# Sessions signs with Wolves



## roux (Jun 20, 2006)

http://sports.espn.go.com/nba/news/story?id=4445416&campaign=rss&source=NBAHeadlines

Bye Ramon


----------



## Krstic All-Star (Mar 9, 2005)

This news disappoints me greatly...


----------



## Bubbles (Nov 12, 2005)

Wow this was out of the blue. His name wasn't connected to Minny all of this offseason. Interesting, hopefully he has the same success that he did this past season.


----------



## narek (Jul 29, 2005)

I was in Minneapolis all weekend, and didn't catch the news, or Sessions hanging out anywhere.

Someday soon, the Knicks will be kicking themselves.


----------



## Krstic All-Star (Mar 9, 2005)

^ Knicks fans already are...


----------



## WillFlight! (Jul 11, 2009)

I sure would suck to sign a 4 year deal to back up Flynn, if that is what ends up happening. Flynn looked good in summer league (I know its just summer league) and was great down the stretch for Syracuse. He may be ready for minutes right away.


----------



## Bubbles (Nov 12, 2005)

I doubt he would sign a four year deal to back up Flynn right now. However, I doubt it will be four years before Flynn is starting. So most likely the Wolves trade him in (depending on Flynn's progression) between the trade deadline of Session's second year and the trade deadline of Session's third year.


----------



## narek (Jul 29, 2005)

Quite Frankly said:


> I doubt he would sign a four year deal to back up Flynn right now. However, I doubt it will be four years before Flynn is starting. So most likely the Wolves trade him in (depending on Flynn's progression) between the trade deadline of Session's second year and the trade deadline of Session's third year.

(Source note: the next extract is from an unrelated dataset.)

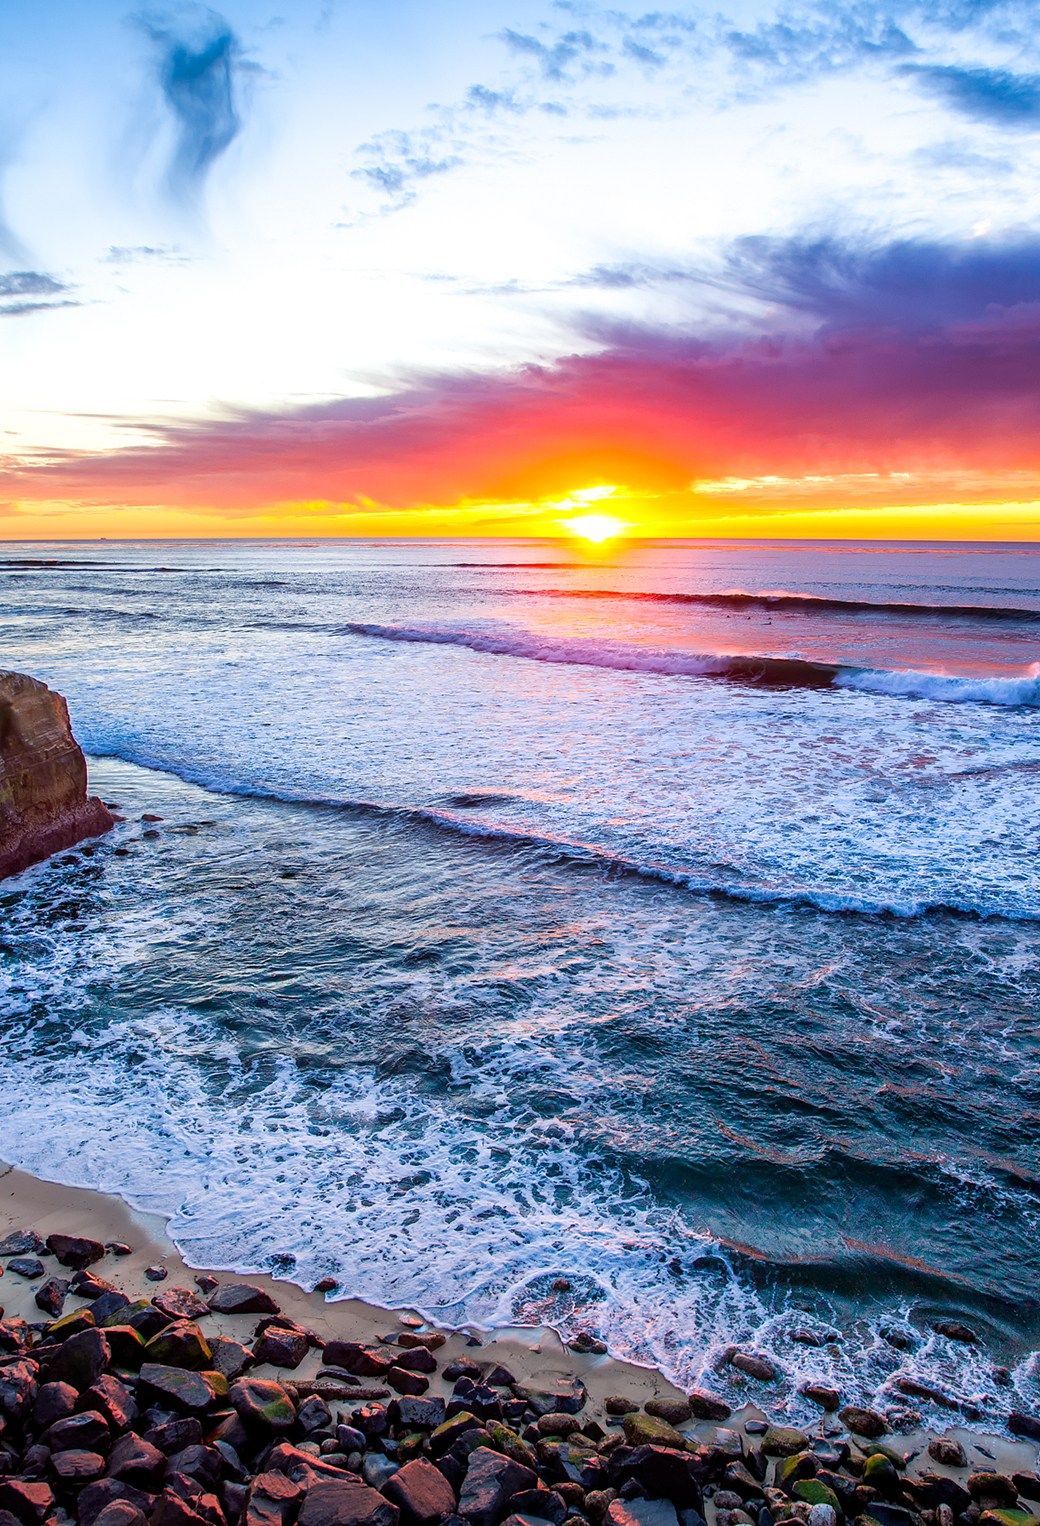 Ocean Sunset in San Diego Wallpaper for iPhone Pro Max, X, 8

or they could trade Flynn. 

Nothing wrong with having two guys who can play the point and start. It's better than having no one who can play the point.


----------



## roux (Jun 20, 2006)

Sessions is so much better than ridnour and he is cheaper too, that is the only thing that is really chaffing my *** about this whole thing


----------



## Bubbles (Nov 12, 2005)

roux2dope said:


> Sessions is so much better than ridnour and he is cheaper too, that is the only thing that is really chaffing my *** about this whole thing


Thankfully Rindour expires after this year.


----------



## roux (Jun 20, 2006)

Quite Frankly said:


> Thankfully Rindour expires after this year.

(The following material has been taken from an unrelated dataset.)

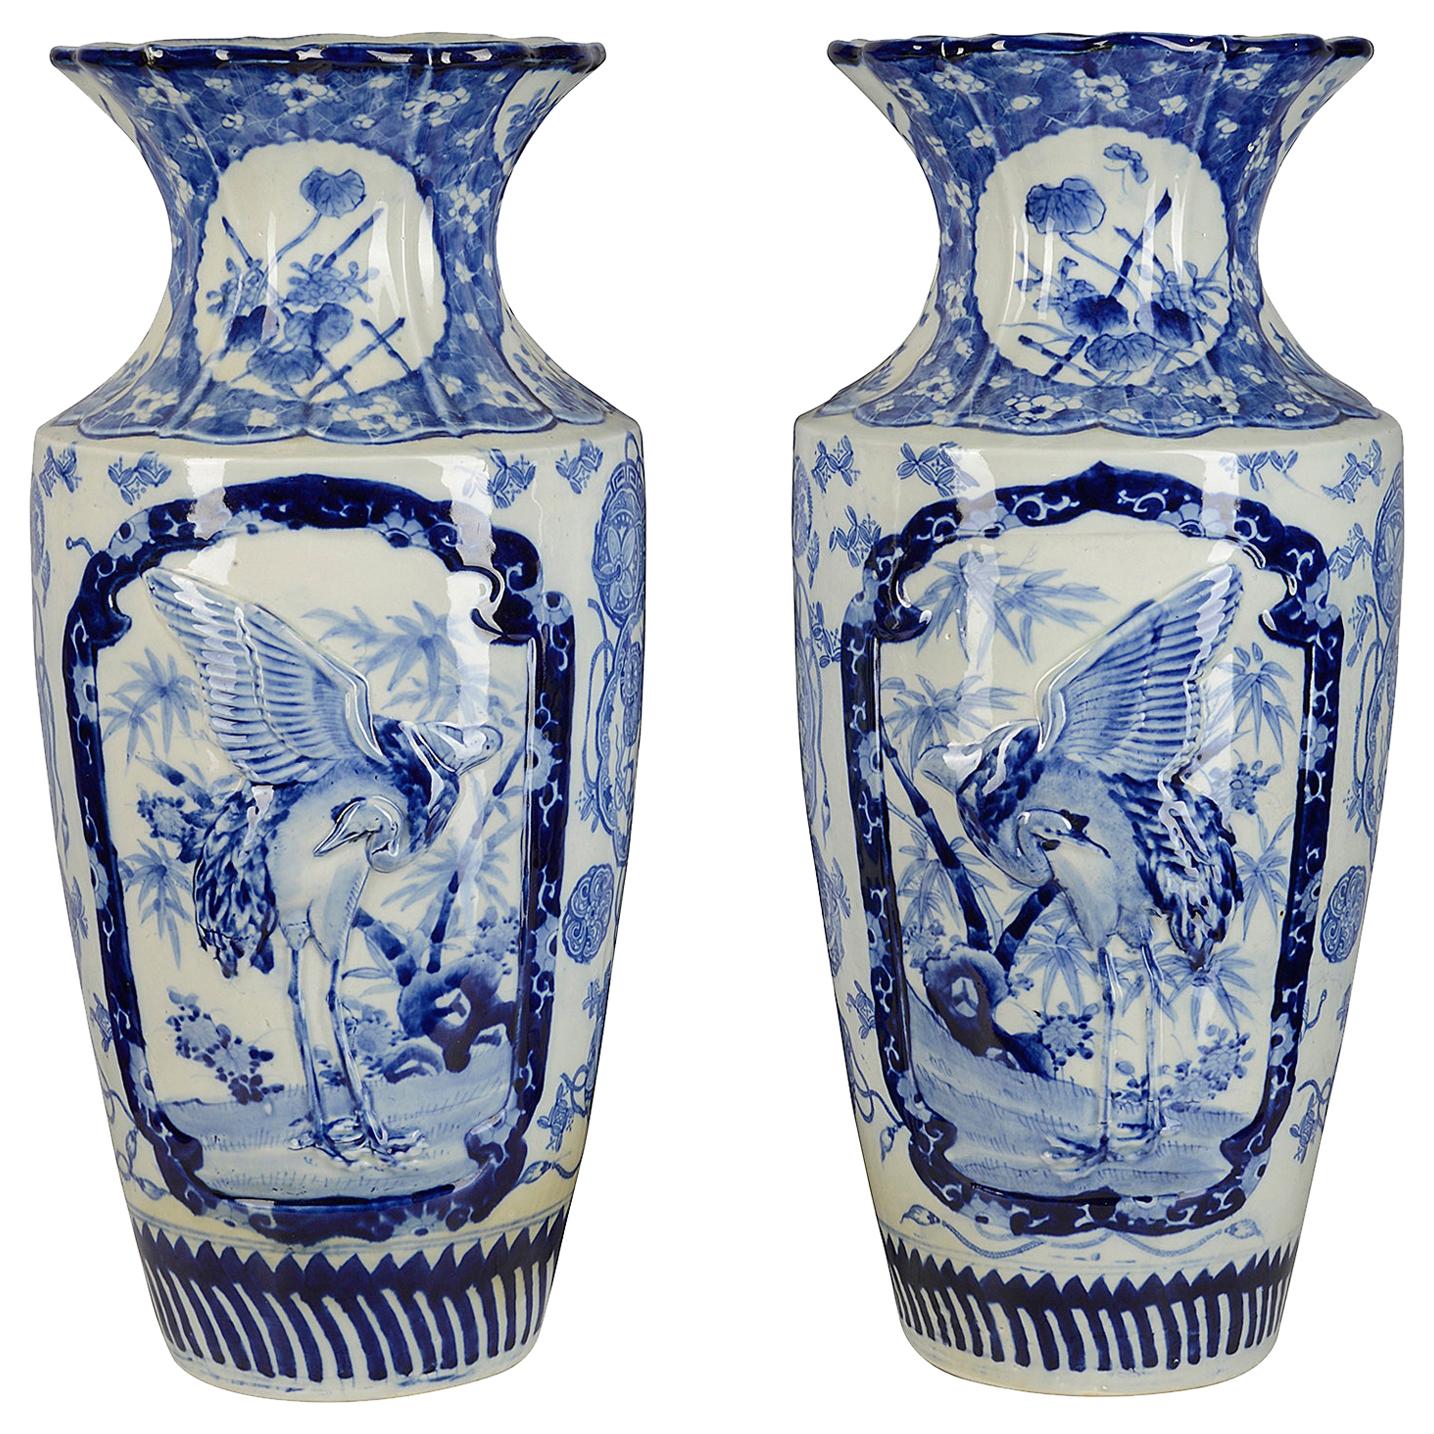 Large Pair of Japanese Blue and White Vases, circa 1890

counting down the days to the trade deadline when that cexpiring becomes a hot commodity for contenders looking for a veteren pile of crap pg :beheader:


----------



## Bubbles (Nov 12, 2005)

roux2dope said:


> counting down the days to the trade deadline when that cexpiring becomes a hot commodity for contenders looking for a *veteren pile of crap pg* :beheader:


:lol:


----------



## Tom (Jul 15, 2002)

Well, Ridnour is a real hard-nosed player...was he a coaches son?


----------



## narek (Jul 29, 2005)

Today's the last day for the Bucks to match. 



> Barring a last-minute deal to clear some salary space, the Bucks are not in position to sign Sessions and remain below the league's luxury tax level of $69.92 million. General manager John Hammond has emphasized throughout the off-season that the franchise will not exceed the tax level.
> 
> "We want to keep our options open until the last possible minute," Hammond said Thursday. He indicated he was continuing talks with other teams about potential trades.

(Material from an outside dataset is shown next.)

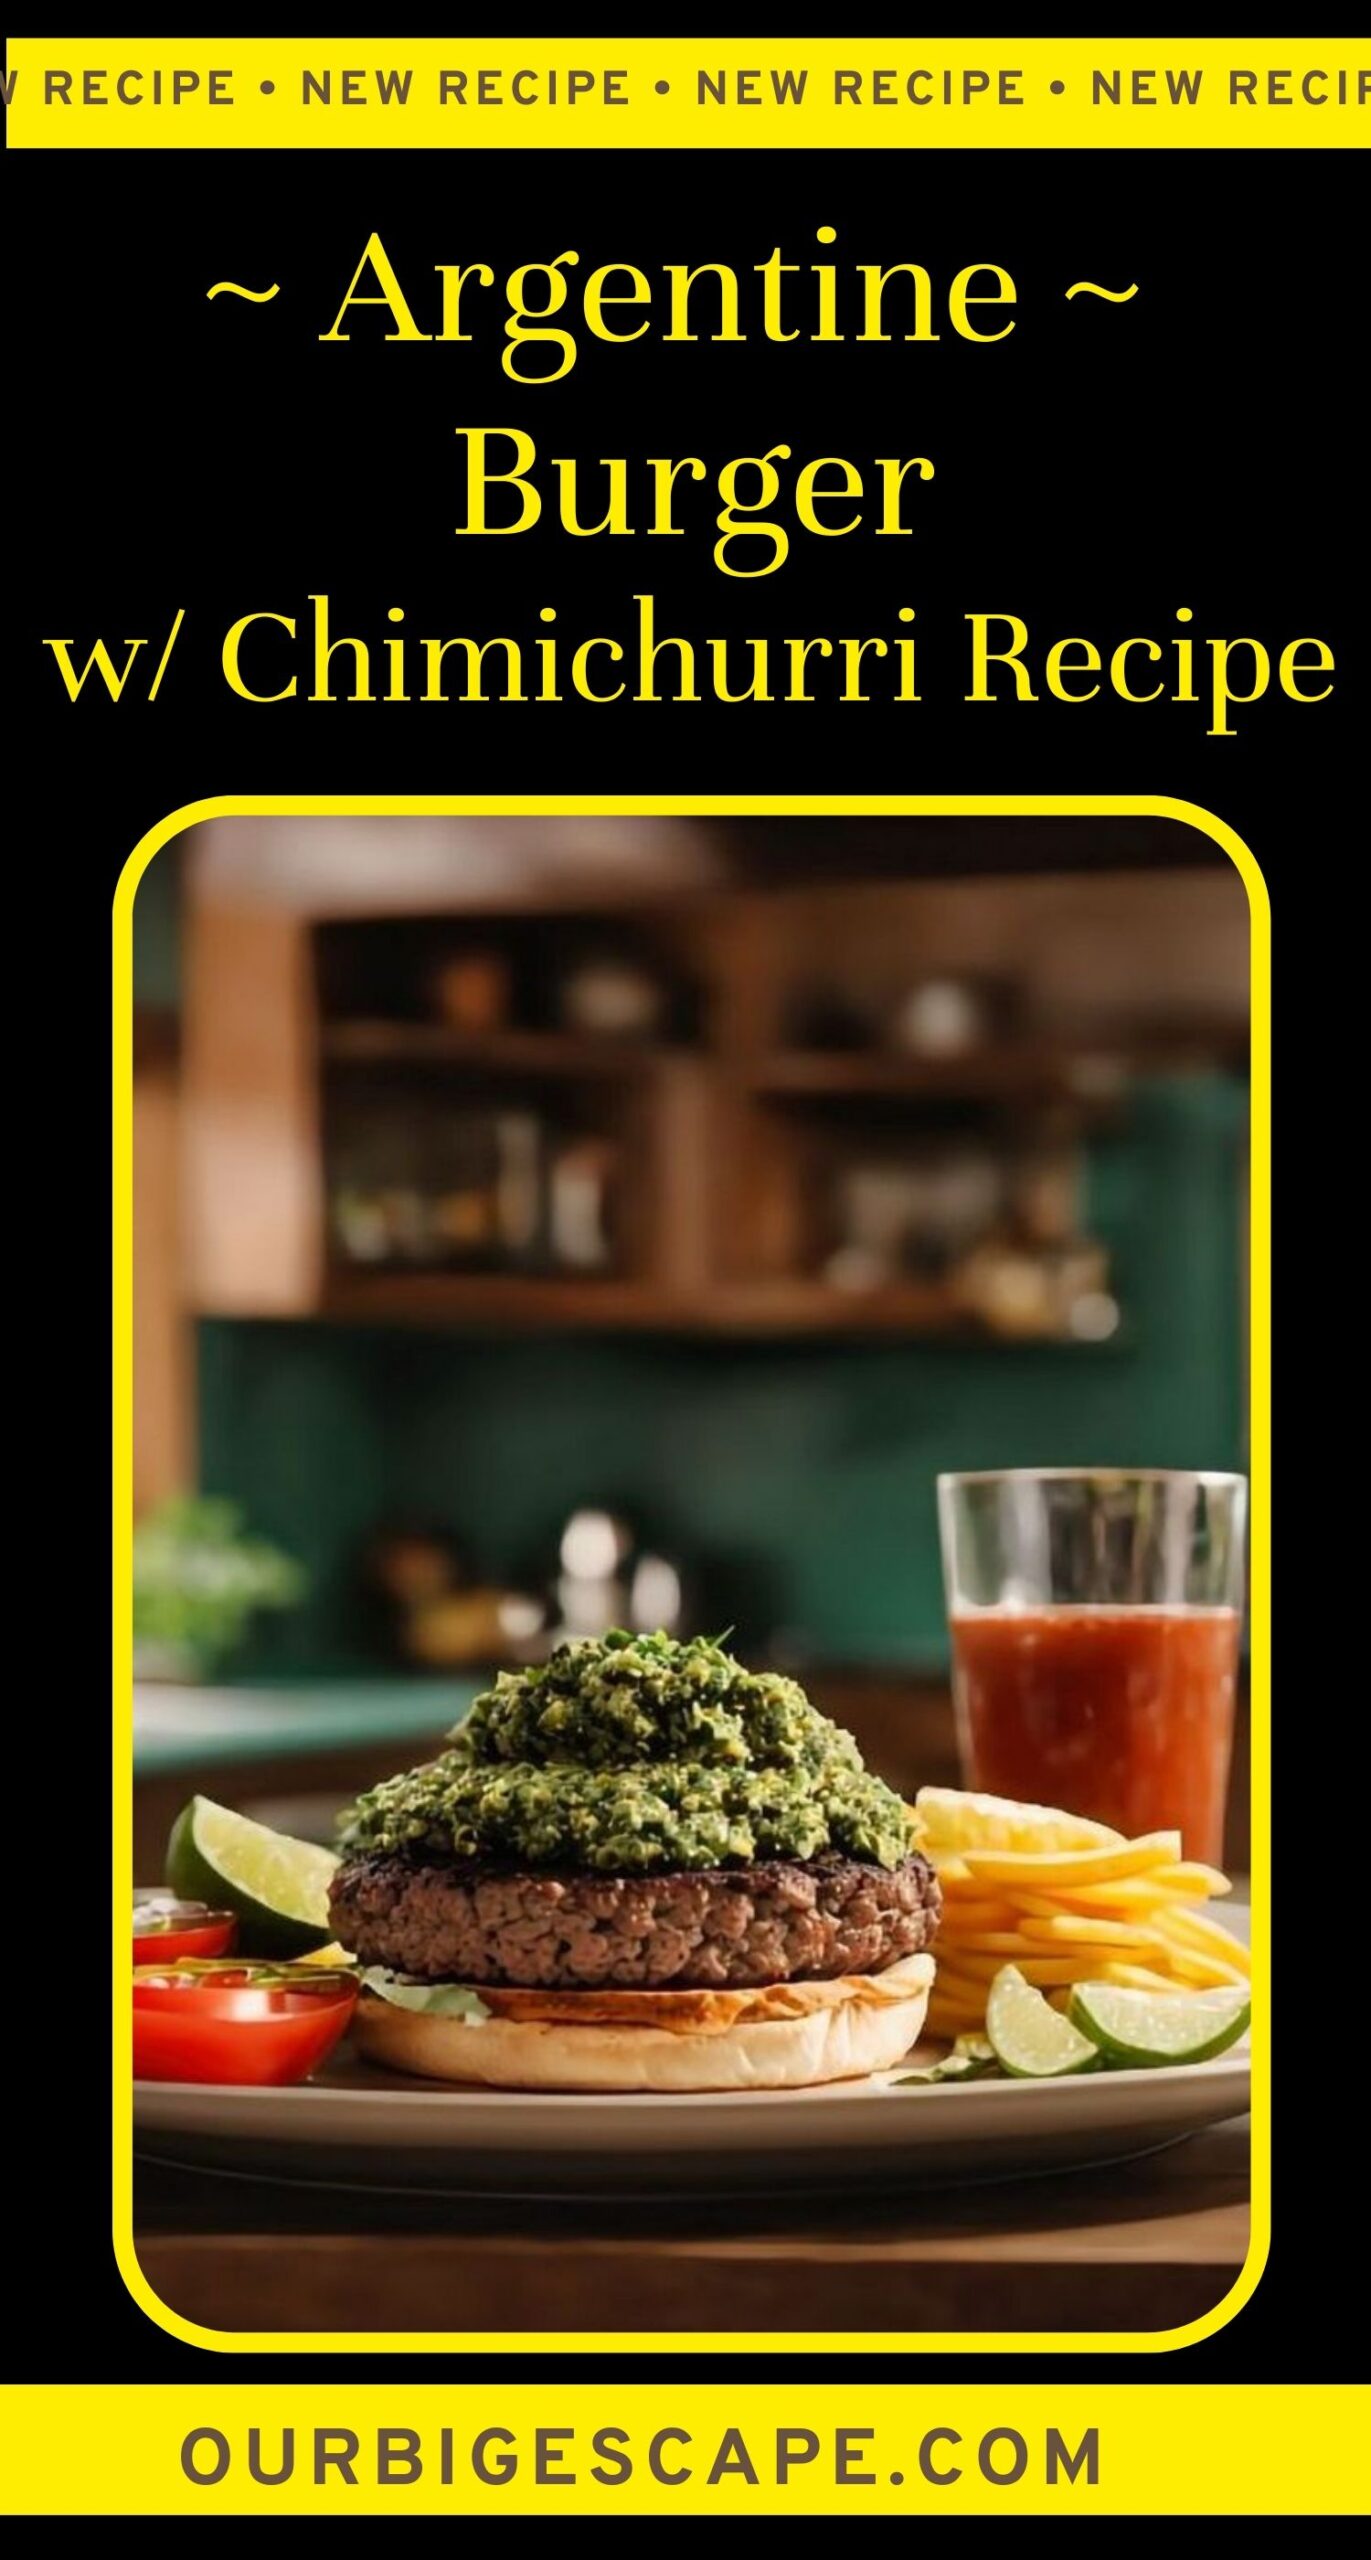 6. The Argentine Burger with Chimichurri Recipe

http://www.jsonline.com/sports/bucks/58676877.html

don't think any trade's gonna happen myself.


----------



## c_dog (Sep 15, 2002)

shame.. that contract's a bargain for a player of his caliber, even as a backup to jennings eventually.


----------



## roux (Jun 20, 2006)

c_dog said:


> shame.. that contract's a bargain for a player of his caliber, even as a backup to jennings eventually.


This is true


----------



## roux (Jun 20, 2006)

http://www.jsonline.com/blogs/sports/59050727.html

Its official, we decline to match


----------